*THE TASK*.
Everything in the data below except the pictures must be repeated word for word.

*RAW DATA*.
┄┄┄┄┄┄┄┄┄┄┄┄┄┄┄┄┄┄┄┄

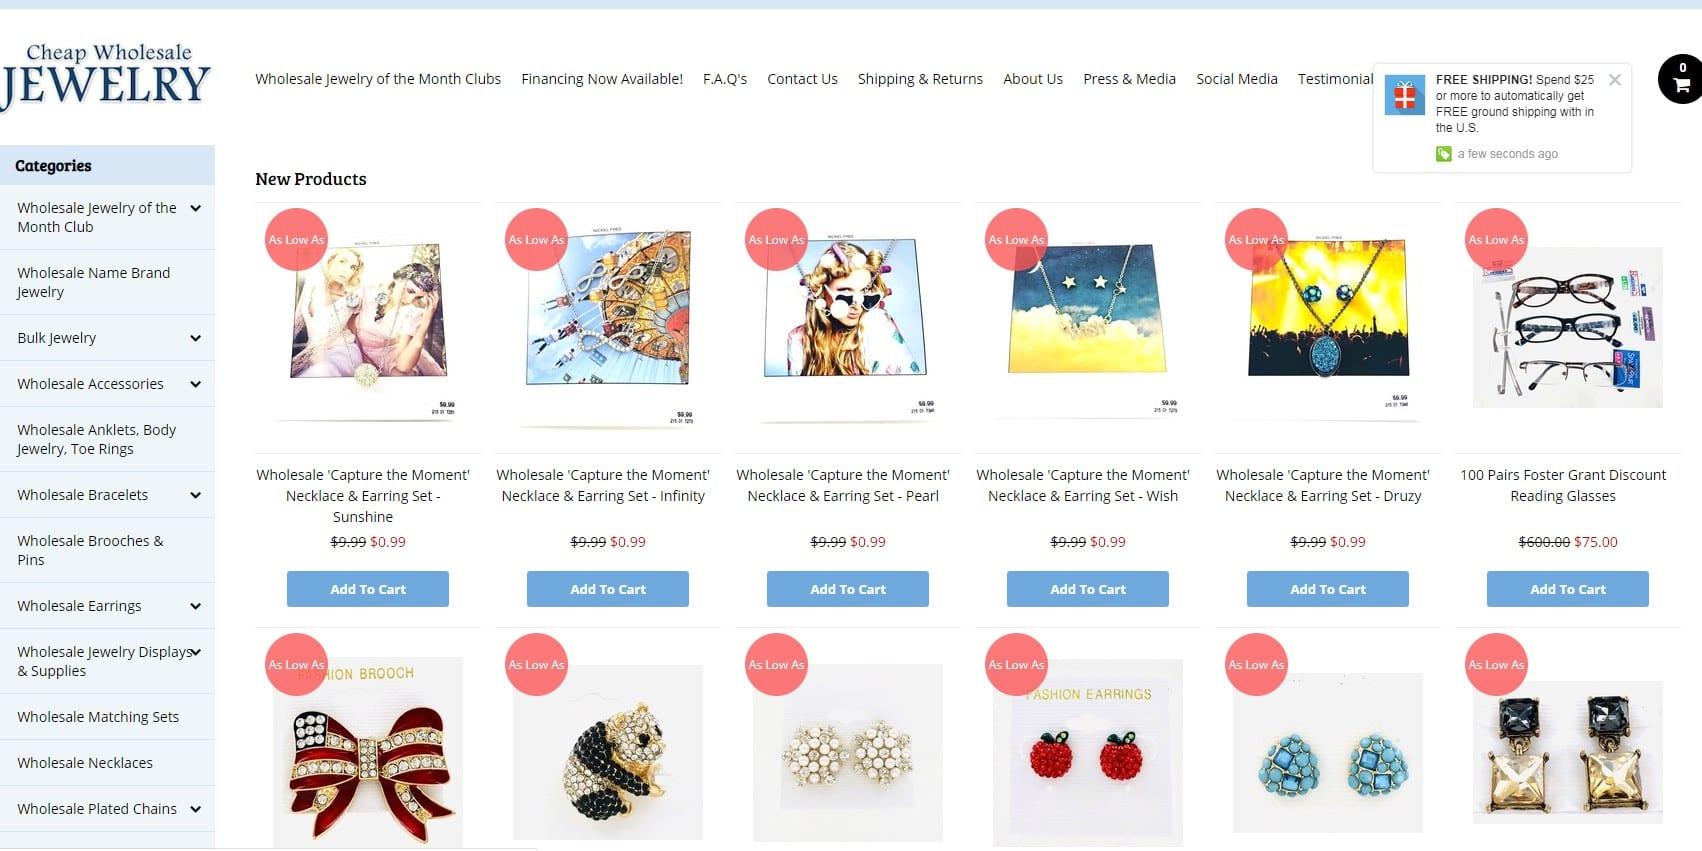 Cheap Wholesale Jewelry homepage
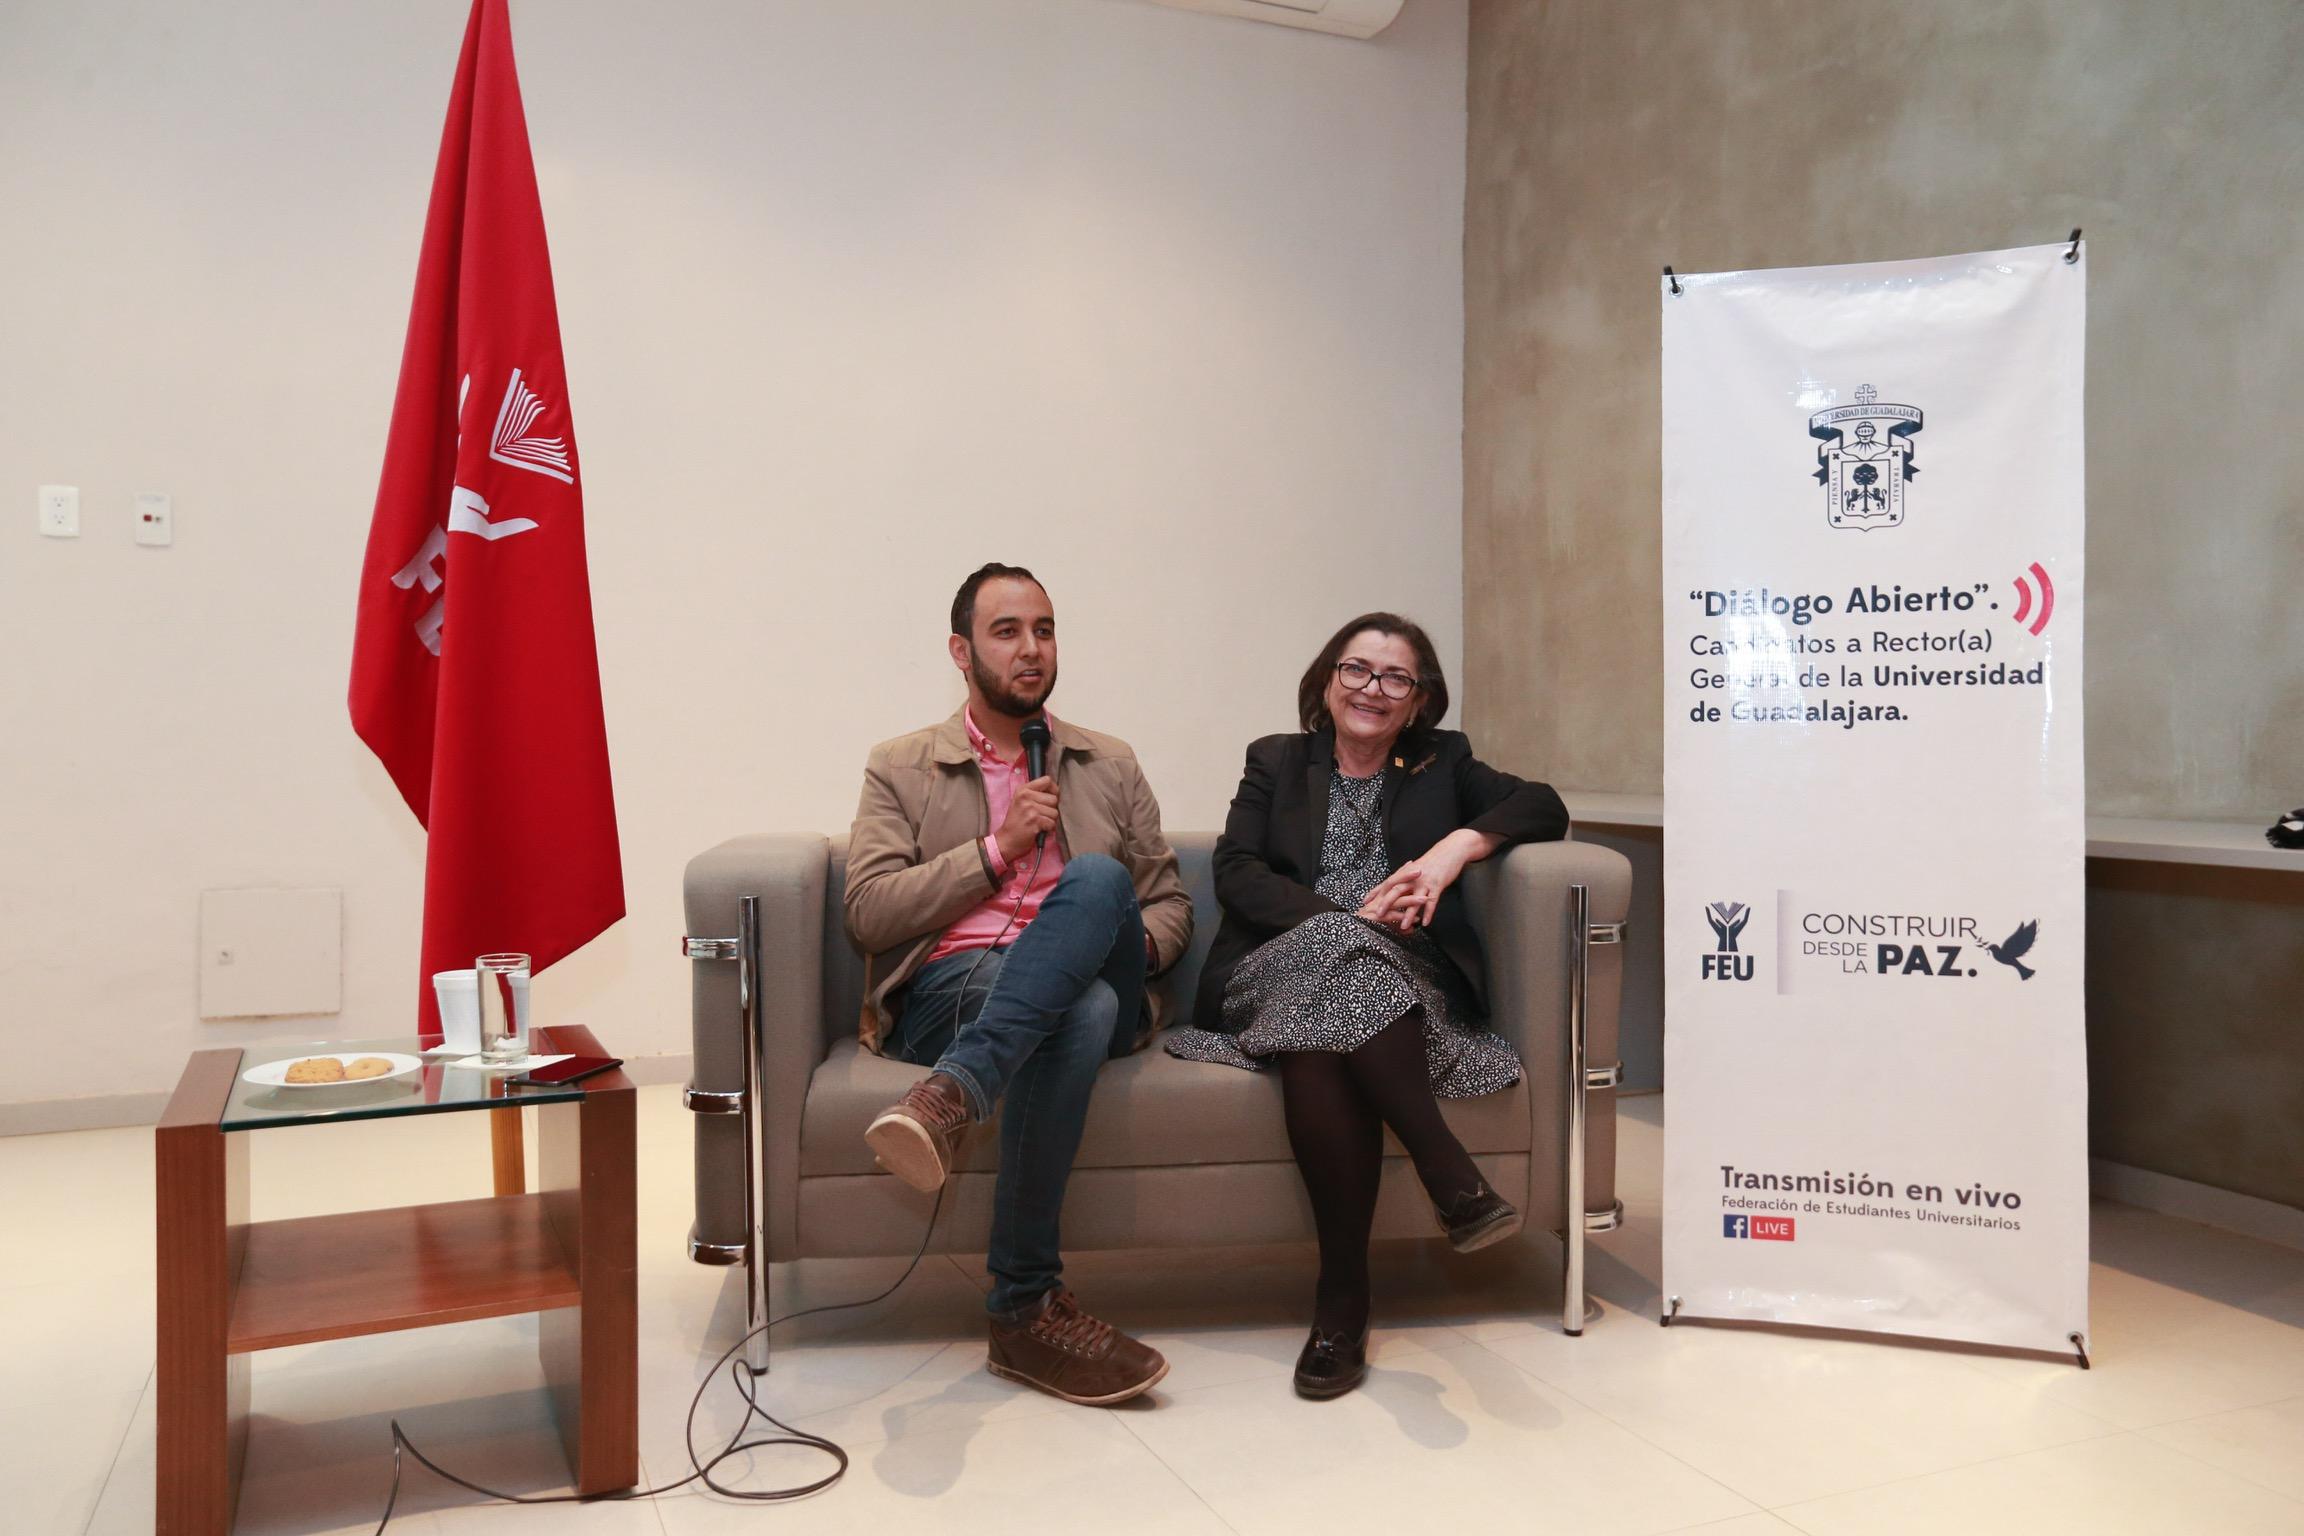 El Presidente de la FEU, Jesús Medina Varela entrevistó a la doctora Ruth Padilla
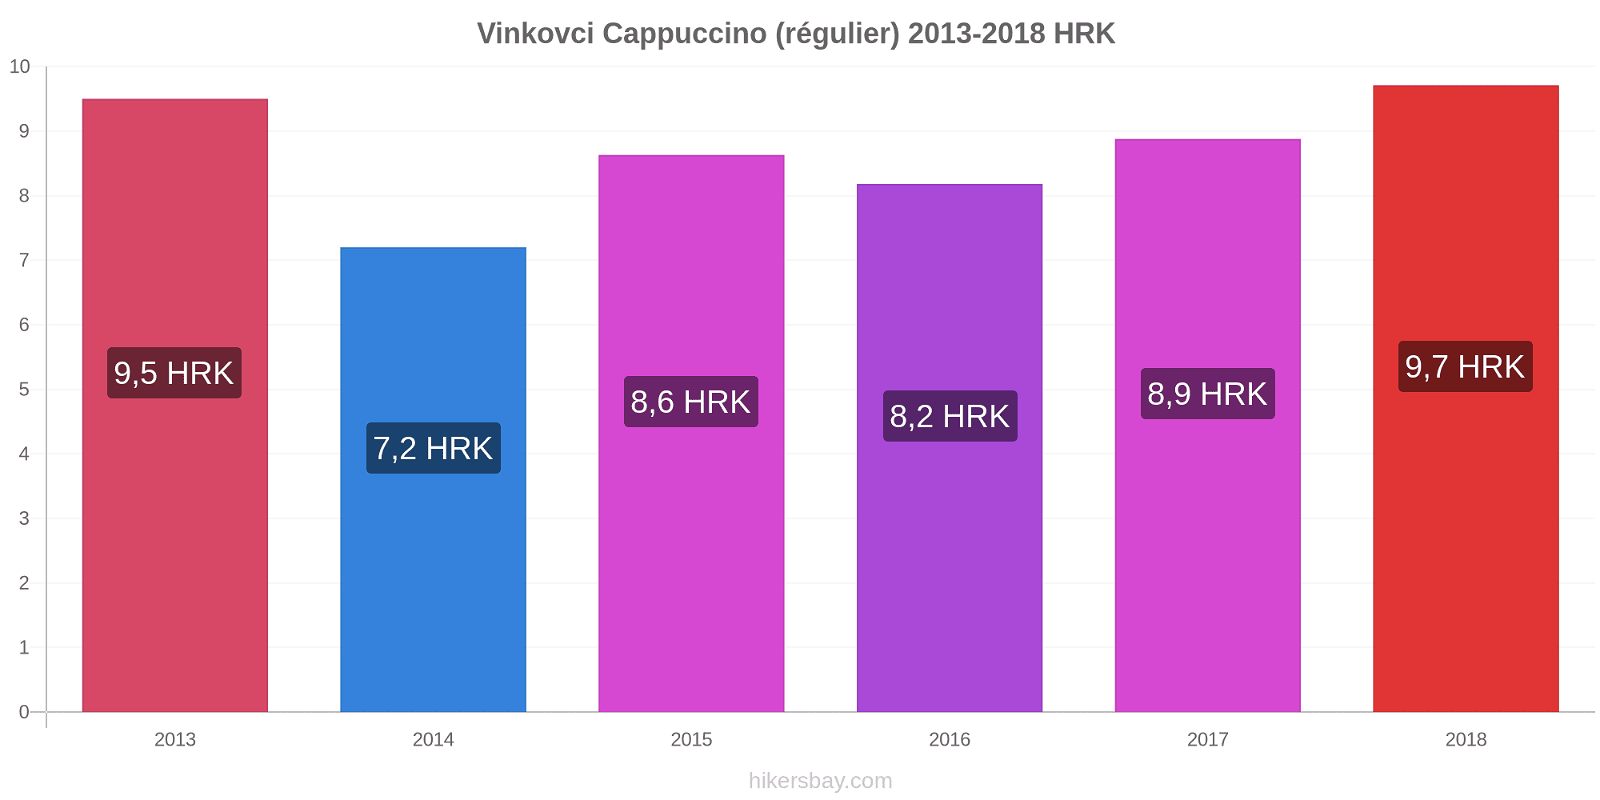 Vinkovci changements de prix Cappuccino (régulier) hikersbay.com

┄┄┄┄┄┄┄┄┄┄┄┄┄┄┄┄┄┄┄┄

*OUTPUT BELOW*.
 Cheap Wholesale Jewelry homepage
 El Presidente de la FEU, Jesús Medina Varela entrevistó a la doctora Ruth Padilla
 Vinkovci changements de prix Cappuccino (régulier) hikersbay.com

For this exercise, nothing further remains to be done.